LLMSAN is a tool for prompting-based bug detection. Equipped with the sanitization technique, LLMSAN can recognize false positives in the reported bugs without introducing huge additional token costs.

Structure of Project

├── README.md                              # README 
├── benchmark                              # Dataset
│   ├── Java                               # Java programs
│   │   ├── juliet-test-suite-APT          # Absolute Path Traversal
│   │   ├── juliet-test-suite-CI           # OS Command Injection
│   │   ├── juliet-test-suite-DBZ          # Divide-by-Zero
│   │   ├── juliet-test-suite-NPD          # Null Pointer Dereference
│   │   └── juliet-test-suite-XSS          # Cross-Site Scripting
│   └── case                               # Evaluation cases
├── lib                                    # Library
│   └── build.py                           # Build tree-sitter locally
├── log                                    # Output of LLMSAN and baselines
│   ├── baseline                           # Output of baselines
│   ├── llmsan                             # Output of LLMSAN
│   ├── batchreport.py                     # Summarize analysis reports
├── requirements.txt                       # requirement file
└── src                                    # Source code directory
 ├── batchrun.py                           # Entry of analysis
 ├── data                                  # Data transform directory
 │   └── transform.py                      # Prepare data by obfuscation
 ├── model                                 # LLM model related
 │   ├── detector.py                       # End-to-end CoT prompting-based detection
 │   ├── llm.py                            # LLM module
 │   └── utils.py                          # Basic setting of LLMs
 ├── parser                                # Parsing related
 │   └── parser.py                         # Parse LLM output
 ├── pipeline.py                           # Pipelines of LLMSAN and baselines
 ├── prompt                                # Prompt templates of different bug types
 └── sanitizer                             # Sanitizer related
 ├── analyzer.py                           # Program parsing-based analysis
 └── passes.py                             # Implementation of four sanitizers

Installation

  1. Clone the repository:

    git clone https://github.com/chengpeng-wang/LLMSAN.git
    cd LLMSAN
  2. Install the required dependencies:

    pip install -r requirements.txt
  3. Ensure you have the Tree-sitter library and language bindings installed:

    cd lib
    python build.py
  4. Configure the keys:

    export OPENAI_API_KEY=sk-xxxxxxxxxxxxxxxxxxxxxxxxxxxxxx

    Similarly, the other two keys can be set as follows:

    export REPLICATE_API_TOKEN=xxxxxx
    export GEMINI_KEY=xxxxxx

Quick Start

  1. Analyze a demo case using LLMSAN

    We can run the following commands to detect the XSS bug in the file CWE80_XSS__CWE182_Servlet_database_66.java as a demo.

    cd src
    python batchrun.py \
        --bug-type=xss \
        --detection-model=gpt-3.5-turbo \
        --sanitization-model=gpt-3.5-turbo \
        --analysis-mode=lazy \
        --project-mode=single \
        --engine=llmsan \
        -functionality-sanitize \
        -reachability-sanitize \
        --global-temperature=0.0 \
        --self-consistency-k=1

    If you want to detect all the XSS bugs, change --project-mode=single to --project-mode=all.

    If you want to detect kinds of bugs, change xss in --bug-type=xss to other bug types, which can be apt, ci, npd, and dbz.

    Then, you can summarize the analysis reports by running the command.

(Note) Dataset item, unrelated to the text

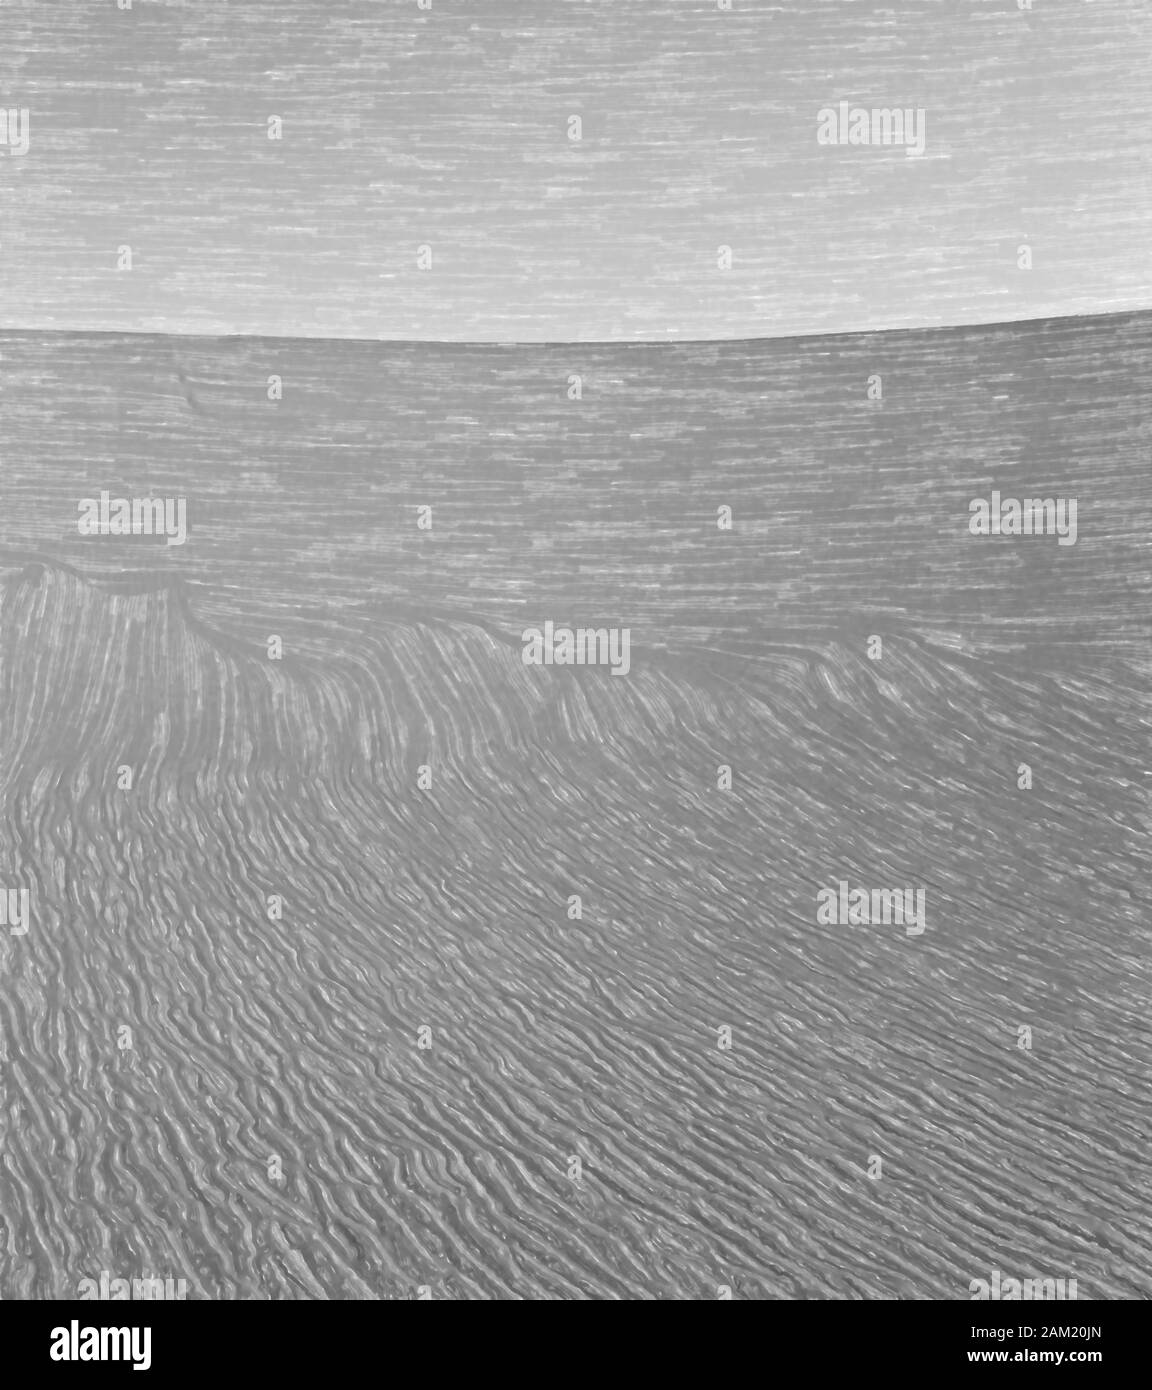 Illustrazione acquerello: Immagine astratta della superficie di una duna nel Sahara in Sudan, africa, bianco e nero Foto Stock

Remember that you should make the values of the common options of batchrun and batchreport the same.

    cd log
    python batchreport.py \
        --bug-type=xss \
        --detection-model=gpt-3.5-turbo \
        --sanitization-model=gpt-3.5-turbo \
        --project-mode=single \
        --engine=llmsan \
        --global-temperature=0.0 \
        --self-consistency-k=1

    The summary of the analysis will be dumped to report.json in the directory log. In each item, the following dictionary shows the details of the detection and sanitization:

    "result": {
        "type_sanitize": 1,
        "functionality_sanitize": 1,
        "order_sanitize": 1,
        "reachability_sanitize": 1,
        "total": 1,
        "final": 1
    }

    The values of "xxx_sanitize" indicate whether the data-flow path violates any syntactic or semantic property. If the value is 1, the property is not violated. If the value of "final" is 1, the bug report is recognized as true bug as all the sanitizers do not discover any violations.

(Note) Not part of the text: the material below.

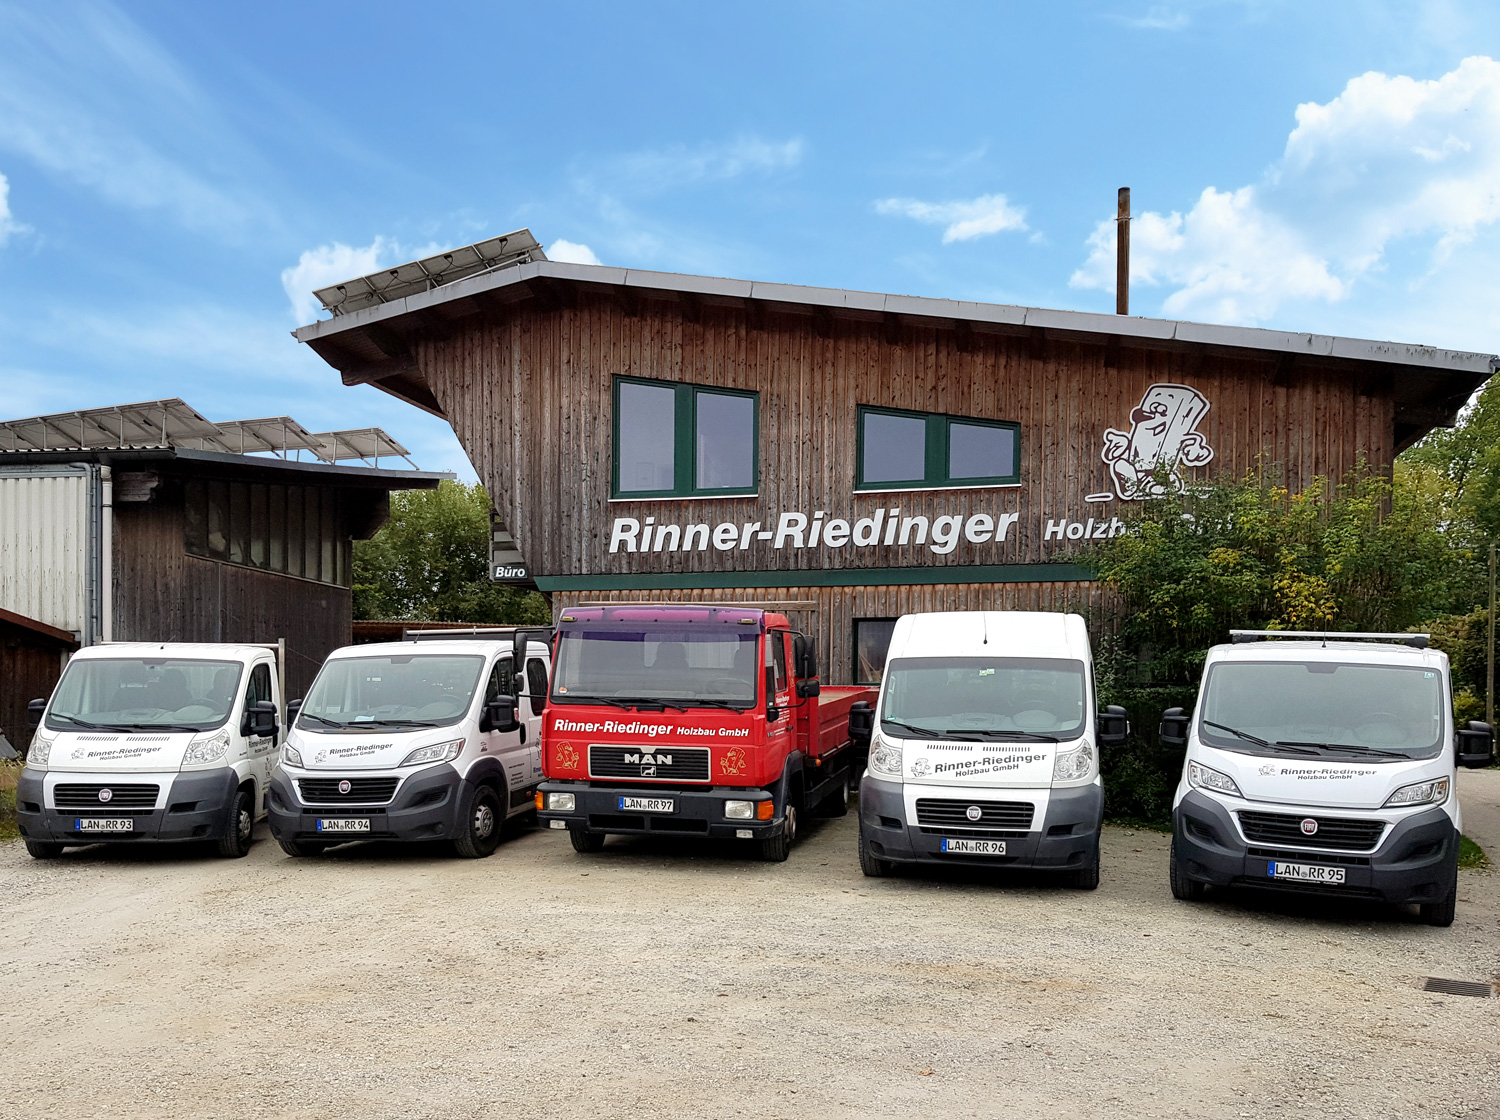 Rinner-Riedinger Holzbau GmbH aus Reichersdorf zwischen Landau a.d. Isar und Eichendorf

  2. Analyze a demo case using baselines

    You can execute the following commands to run the baseline SC-CoT-Check upon the file CWE80_XSS__CWE182_Servlet_database_66.java as a demo, where self-consistency-k is set to 5 and the temperature is 0.5.

    cd src
    python batchrun.py \
        --bug-type=xss \
        --detection-model=gpt-3.5-turbo \
        --sanitization-model=gpt-3.5-turbo \
        --analysis-mode=lazy \
        --project-mode=single \
        --engine=baseline \
        --global-temperature=0.5 \
        -step-by-step-check \
        --self-consistency-k=5

    You can remove -step-by-step-check to disable CoT strategy and set self-consistency-k to 1 to disable self-consistency.

    Similarly, if you want to get the summarized report of a baseline, just run

    cd log
    python batchreport.py \
        --bug-type=xss \
        --detection-model=gpt-3.5-turbo \
        --sanitization-model=gpt-3.5-turbo \
        --project-mode=single \
        --engine=baseline \
        -step-by-step-check \
        --global-temperature=0.5 \
        --self-consistency-k=5

    In the generated file log/report.json, if the boolean value attached to each data-flow path is true, the data-flow path is recognized as the true bug.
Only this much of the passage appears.